Excerpts from the 'Part 0' overview for [ISO] 19757:
Part 1 - Framework. The DSDL framework includes: (1) a method of identifying the validation processes to be applied in pipelined paths of discrete steps; (2) a language for choreographing the validation processes as a set of available pipelines; (3) a description of the set of information items applicable to these validation processes. Portions of this Part will be initially based on RELAX Namespaces.

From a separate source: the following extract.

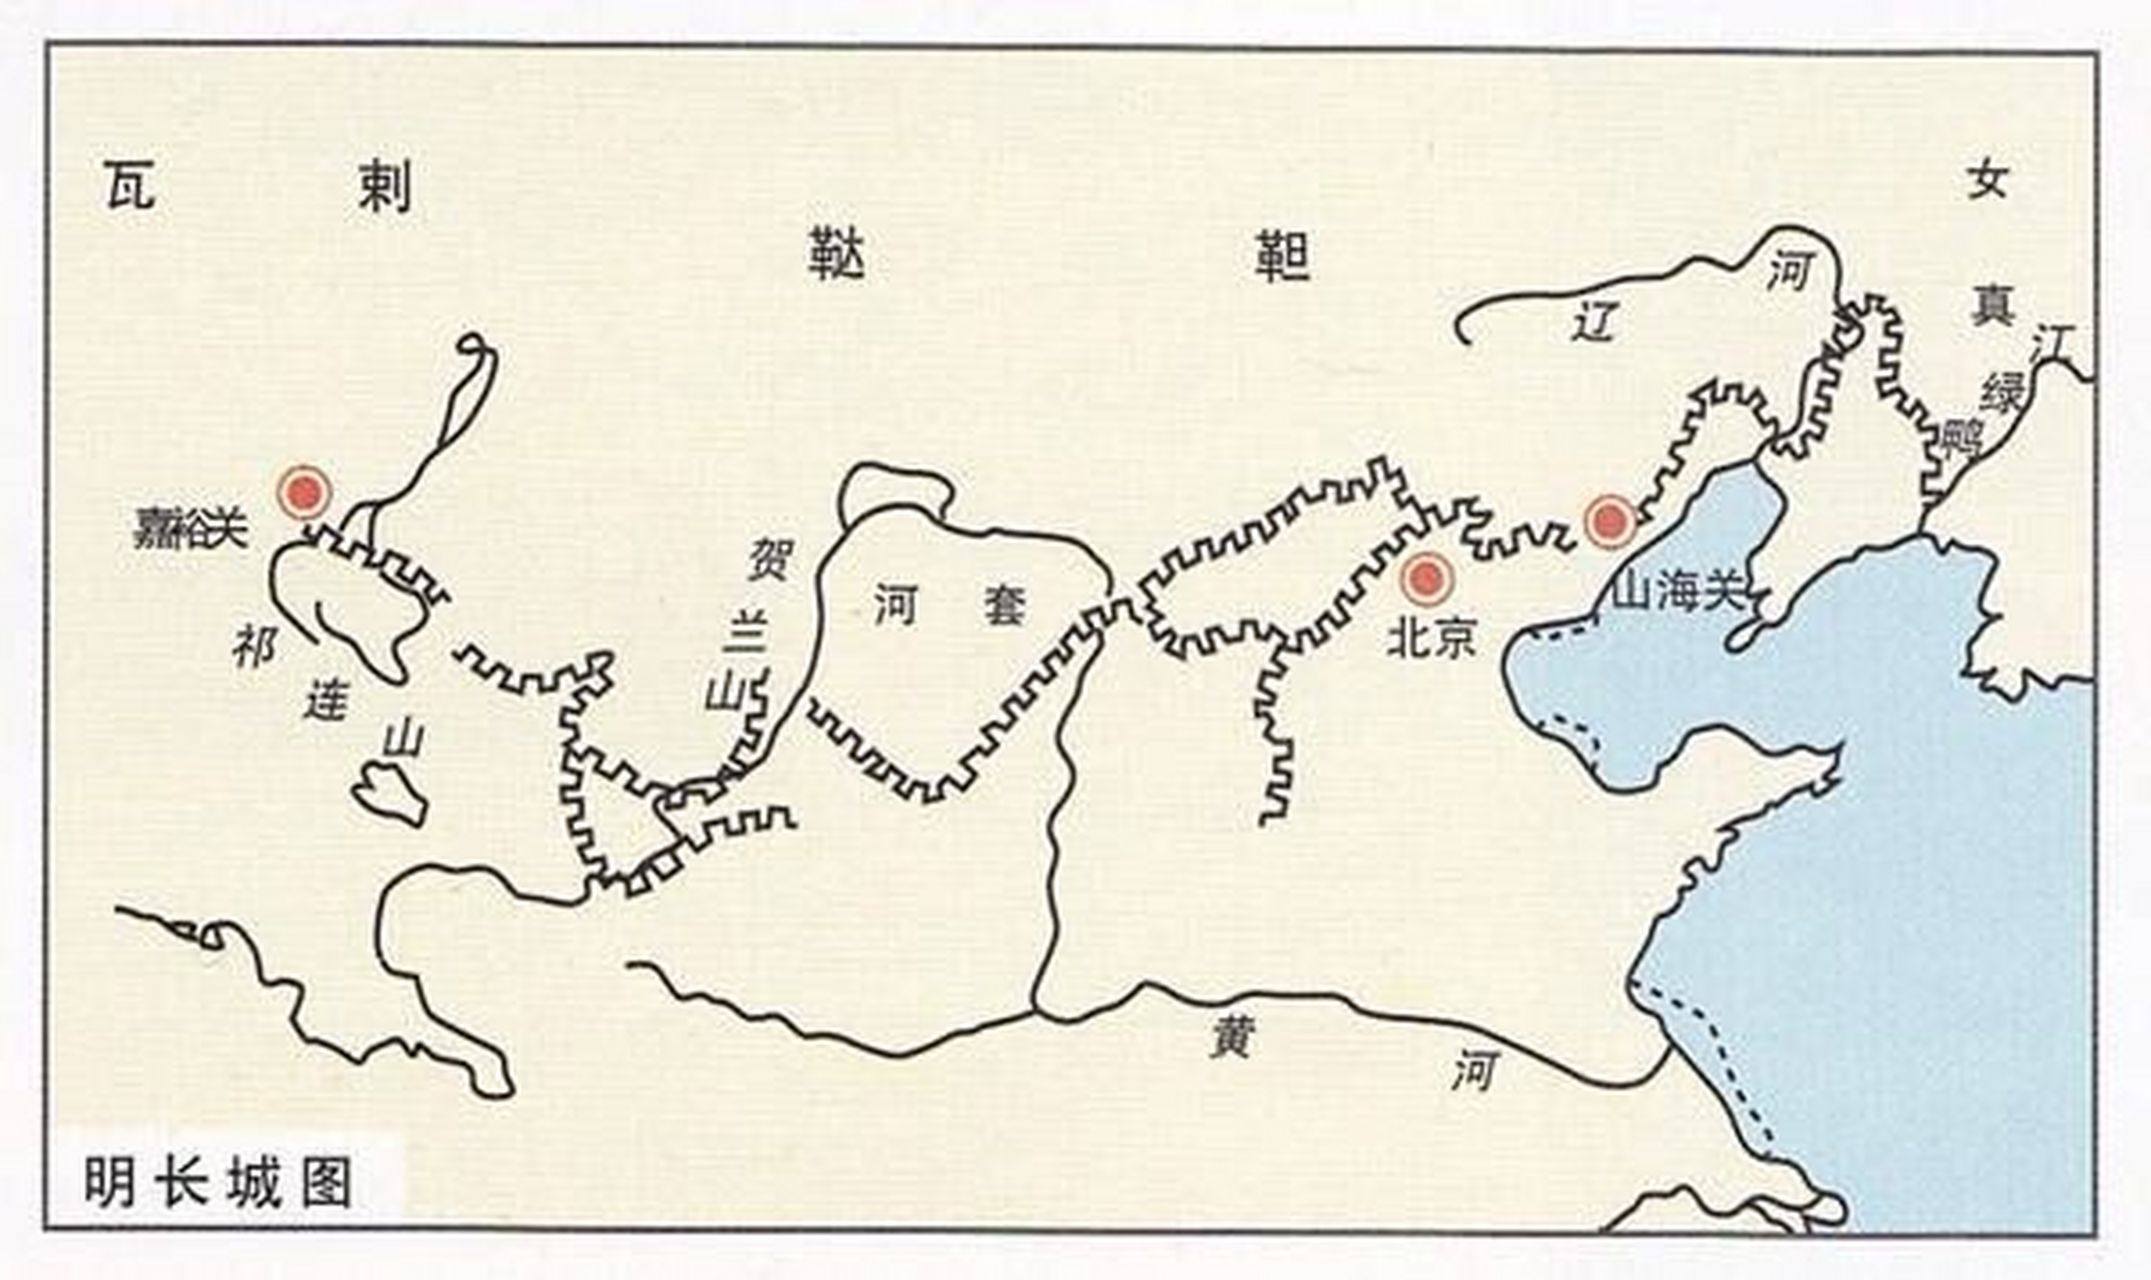 首先是起点终点不同,秦长城是西起林找,东至辽东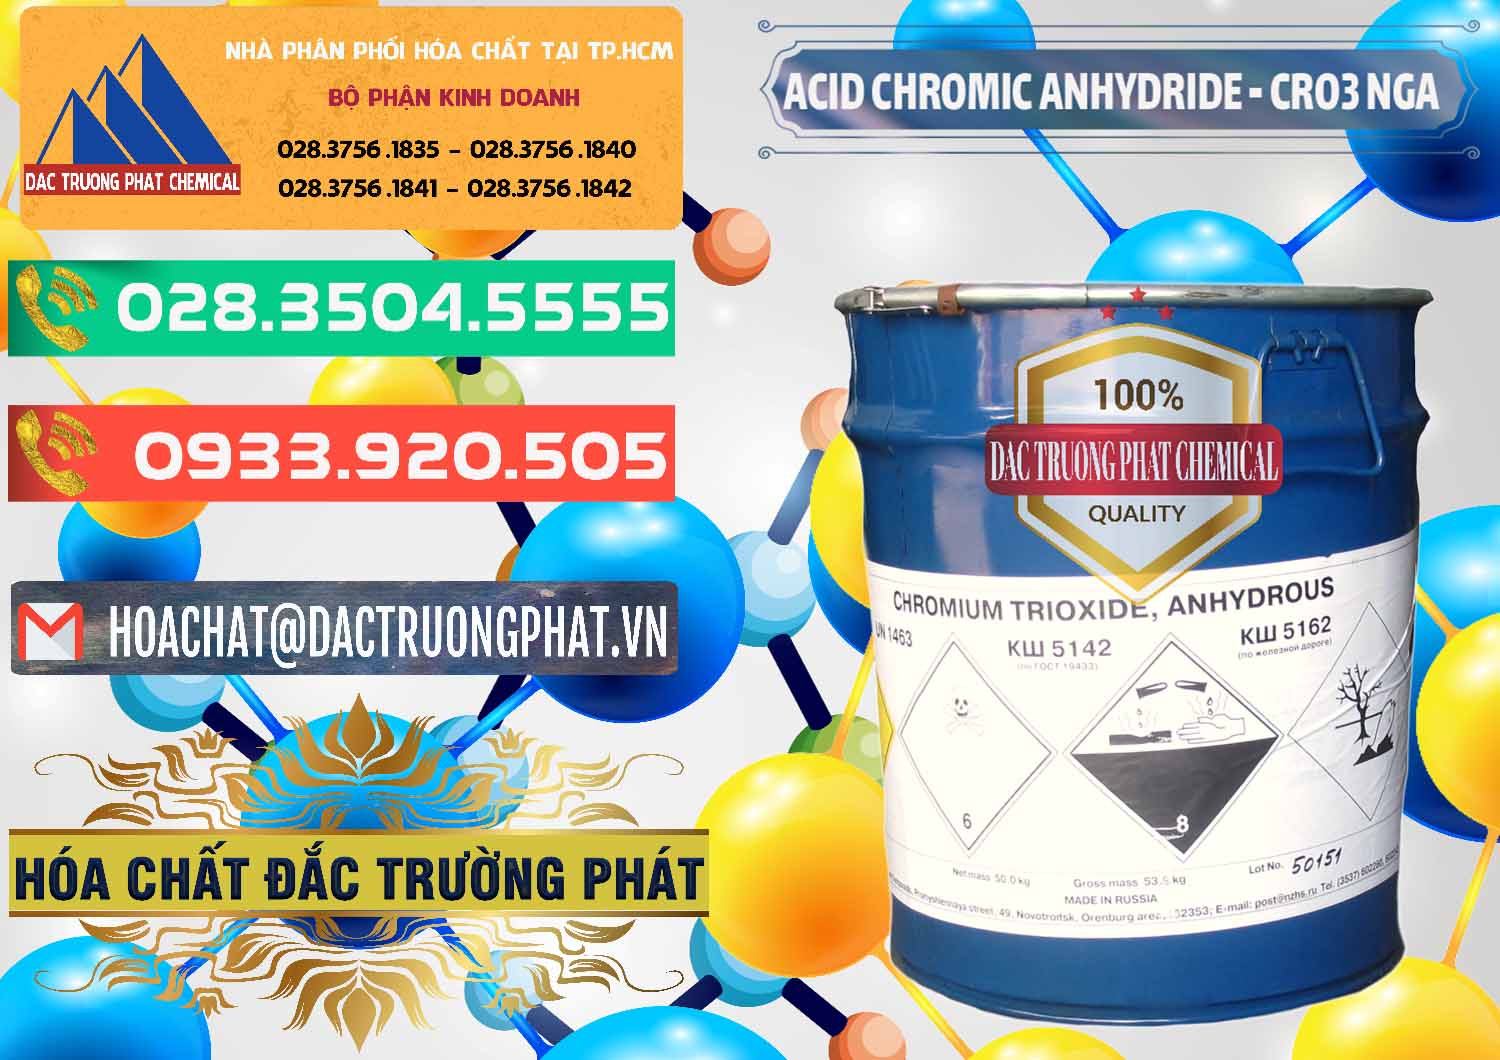 Công ty chuyên kinh doanh ( bán ) Acid Chromic Anhydride - Cromic CRO3 Nga Russia - 0006 - Đơn vị chuyên cung cấp và nhập khẩu hóa chất tại TP.HCM - congtyhoachat.com.vn

Part 2 - Grammar-oriented schema languages. Grammar-oriented schema languages validate the structure of information items in an instance conforms to a set of constraints described by a tree grammar. This includes constraining the text in the tree found at the terminal symbols in the grammar to data types and parameters described in Part 3 of this IS. This Part includes a syntax for specifying and identifying: (1) the grammar of the hierarchy; (2) the identity of data types, their parameters and the parameter values standardized by DSDL; (3) the identity of non-DSDL data types. This Part is initially based on RELAX NG.
Part 3 - Primitive data type semantics. Terminal symbols of text in the hierarchical tree may represent values of a data type. This Part defines: (1) a set of standardized named data types (e.g., integer); (2) a set of parameters and their values for each data type (e.g., minimum and maximum values); (3) a set of constraints describing a possibly infinite set of strings representing values of the data type. This Part is initially based on a subset of primitive data types and their facets from Part 2 of W3C XML Schema.
Part 4 - Path-based integrity constraints. The non-hierarchical links between information items in a structured resource can be reconstituted by addressing the items and expressing the relationship between them found in the original graph of information. The addressing mechanism includes hierarchy-based paths of steps along the tree to the information item being addressed... This Part is initially based on Schematron.
Part 5 - Object-oriented schema languages. Object-oriented schema languages validate the structure of information items in an instance conforms to a set of constraints described using inheritance. These constraints can be useful when using XML in conjunction with object-oriented concepts used widely in modern programming languages (e.g., Java) and modern modeling languages (e.g., UML). This Part is initially based on Part 1 of W3C XML Schema and the sections of Part 2 of W3C XML Schema describing the derivation of new simple types and describing the syntax for referring to primitive data types.
Part 6 - Information item manipulation. Structured information resources may need to be augmented, reduced, or have information items otherwise manipulated as part of the validation process. XML Document Type Definitions (DTDs) and HyTime include methods of defaulting attributes and information item renaming that characterize the changes that are sometimes necessary... This Part will be declarative in nature and will not attempt to provide totally general purpose transformation requirements.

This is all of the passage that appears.